→ **EXERCISE DIRECTIONS**: Each line below should be retyped exactly, with no pictures.

→ **THE DATA**:
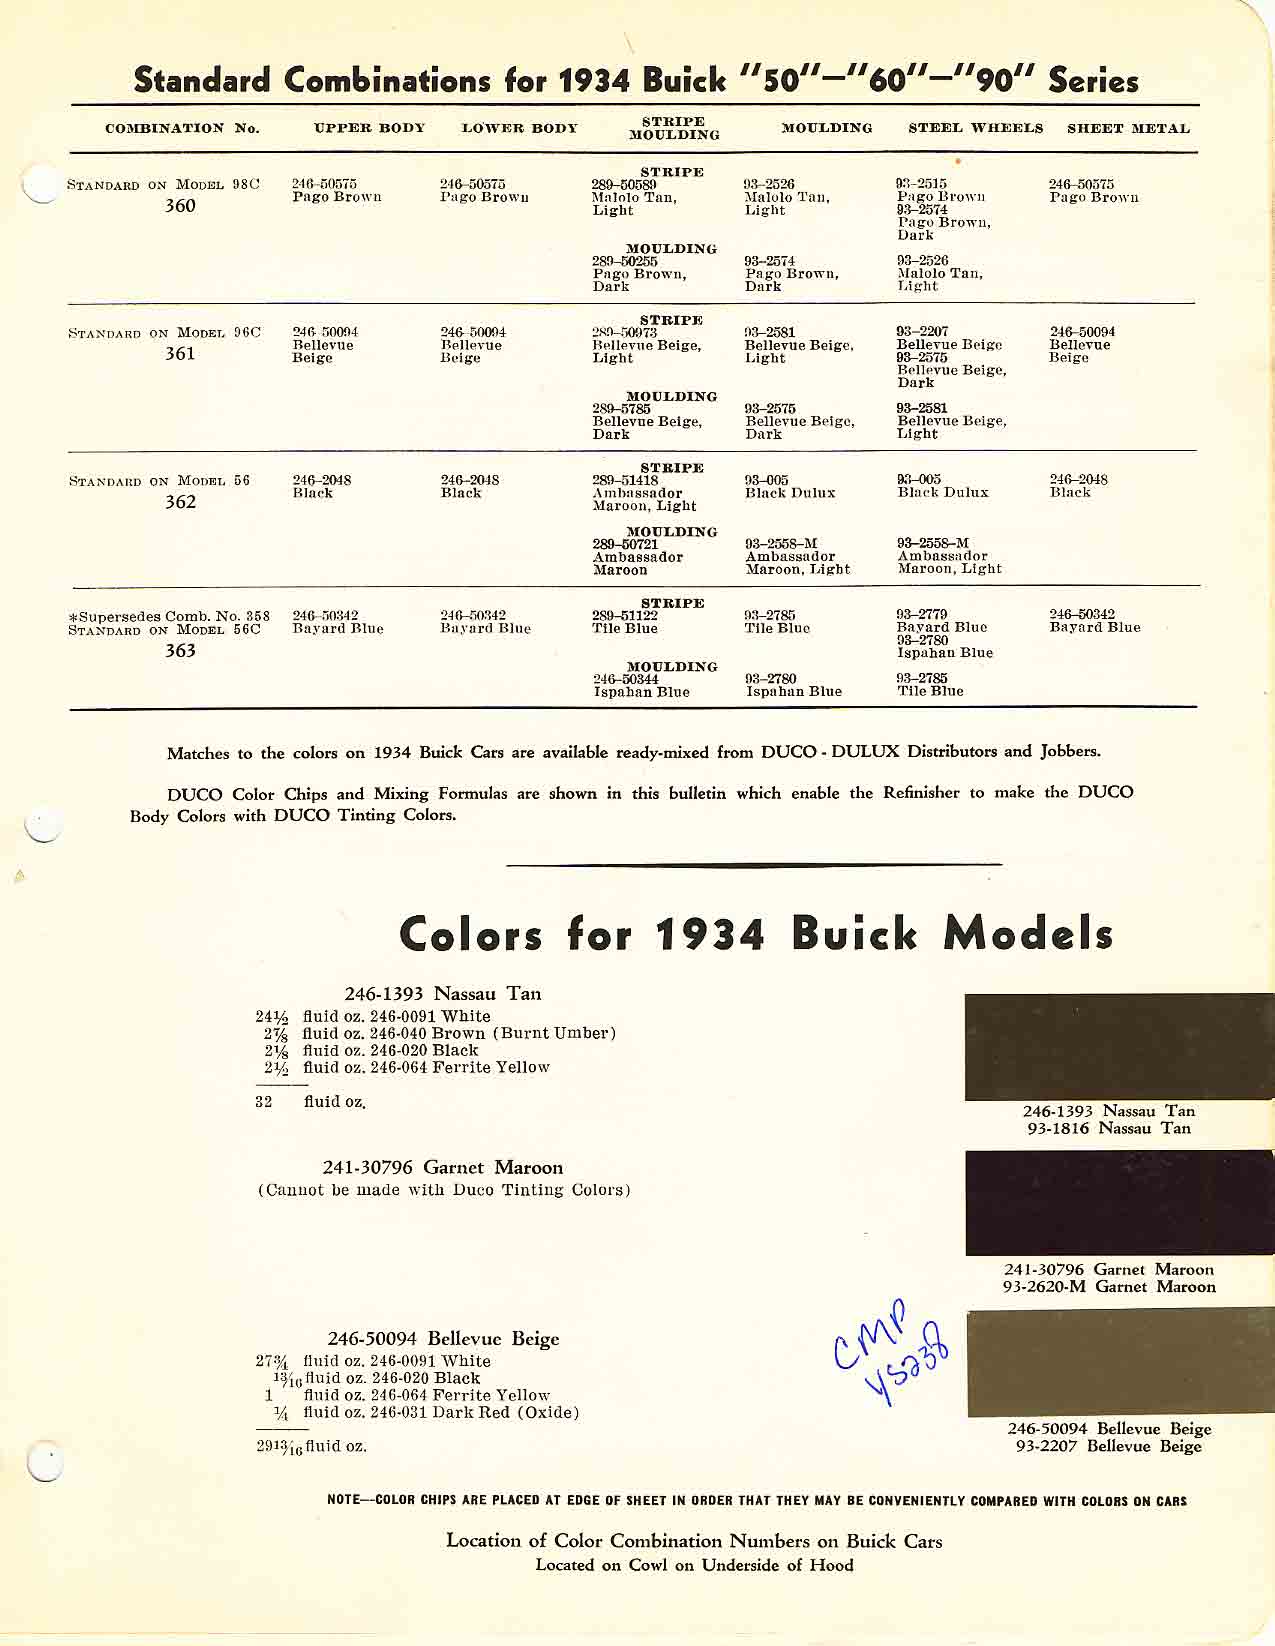 Colors used on Buick Vehicles in 1934
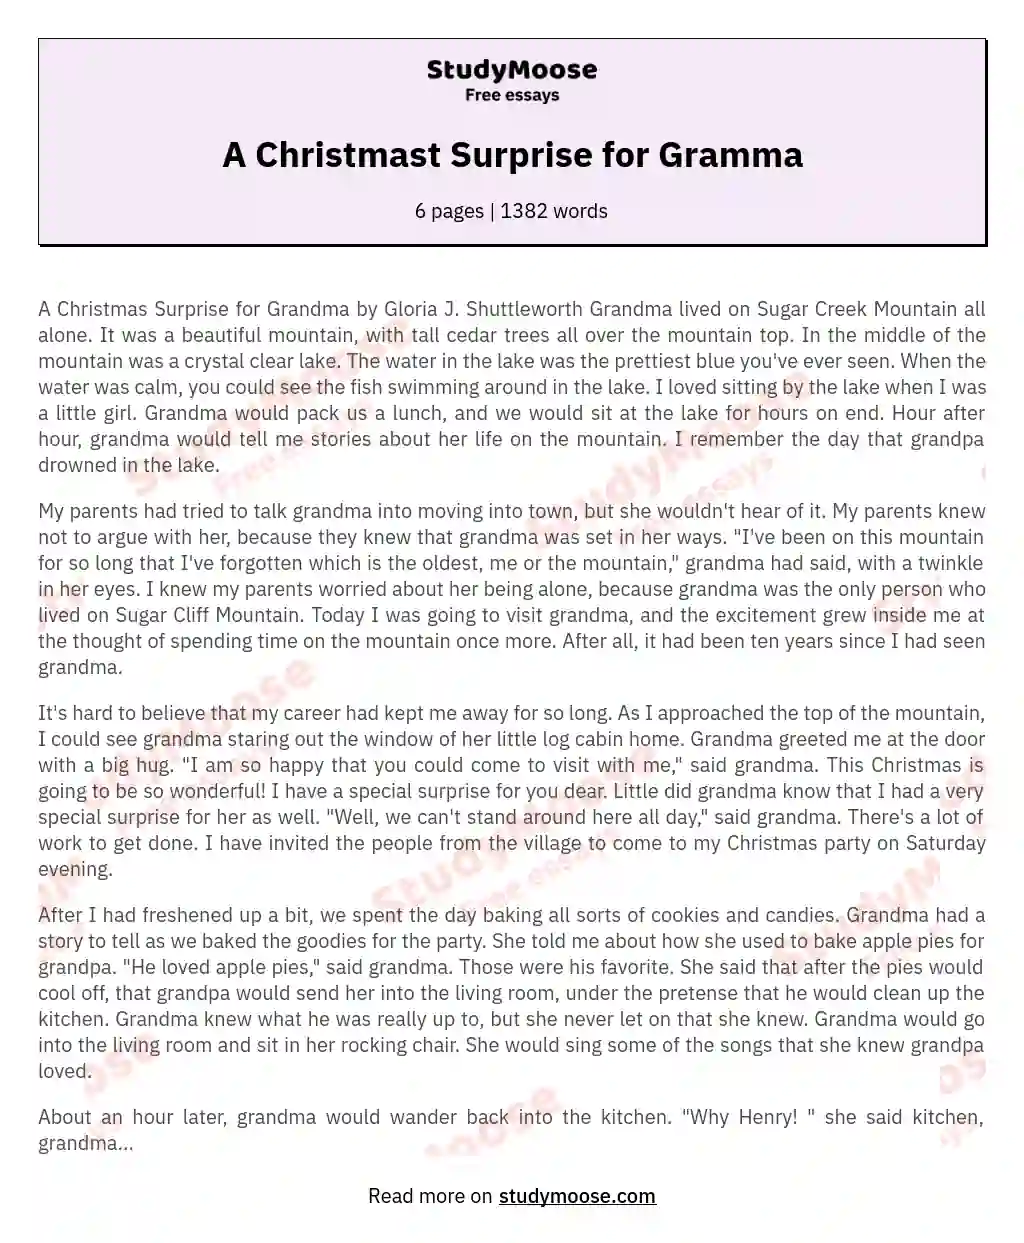 A Christmast Surprise for Gramma essay
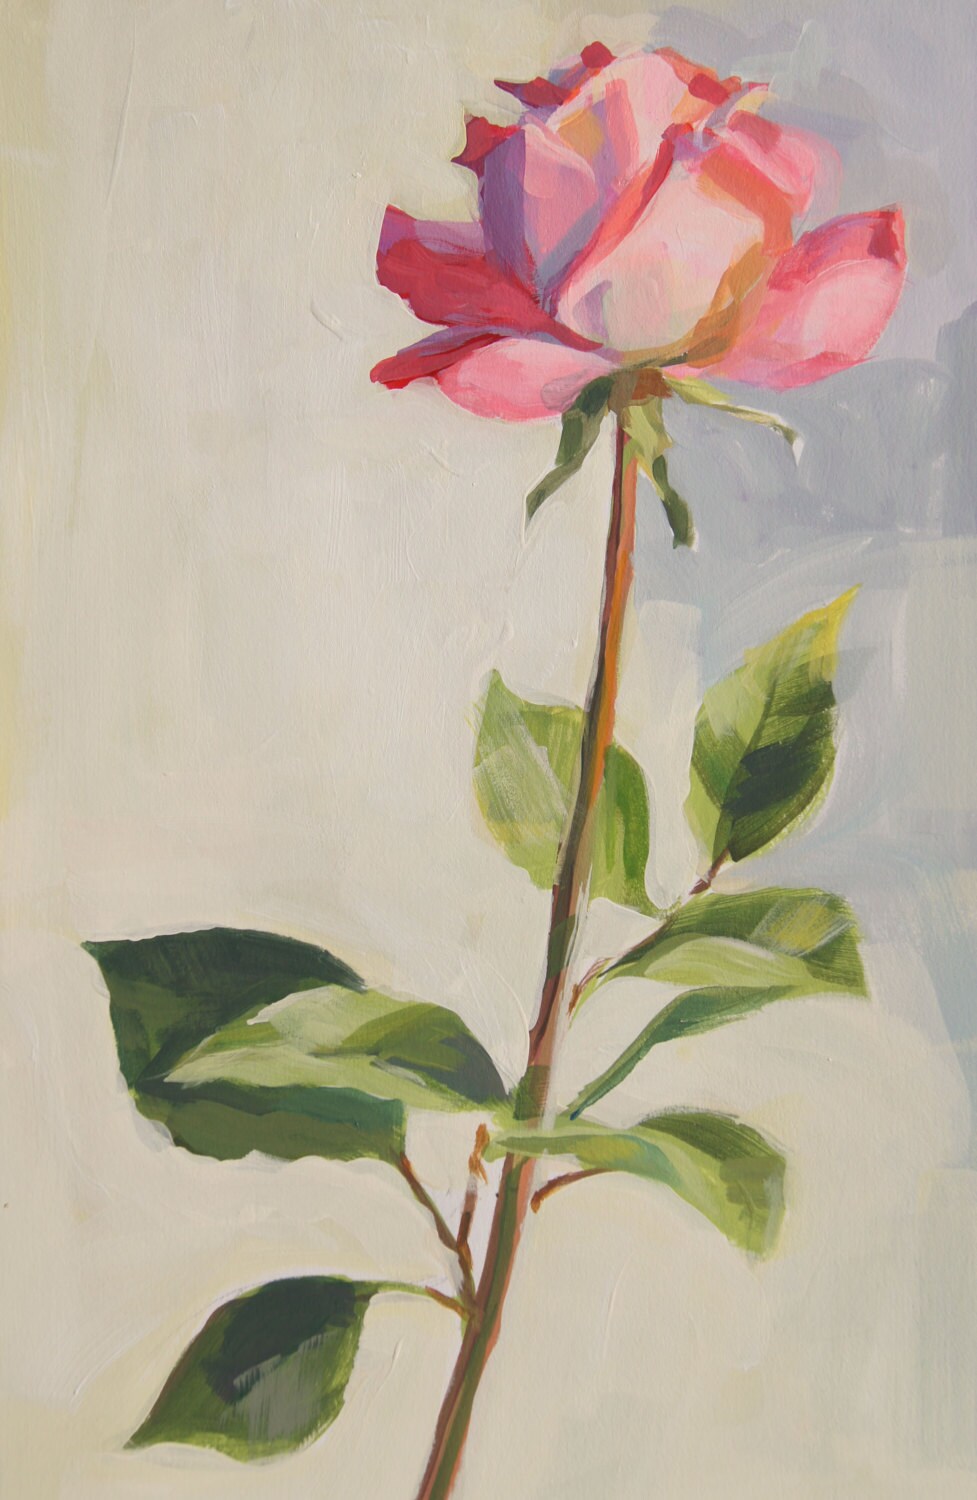 Reproduction of a Painting of a Single Long Stem Pink Rose on

→ **RESULT**:
 Colors used on Buick Vehicles in 1934
 A Christmast Surprise for Gramma essay
 Reproduction of a Painting of a Single Long Stem Pink Rose on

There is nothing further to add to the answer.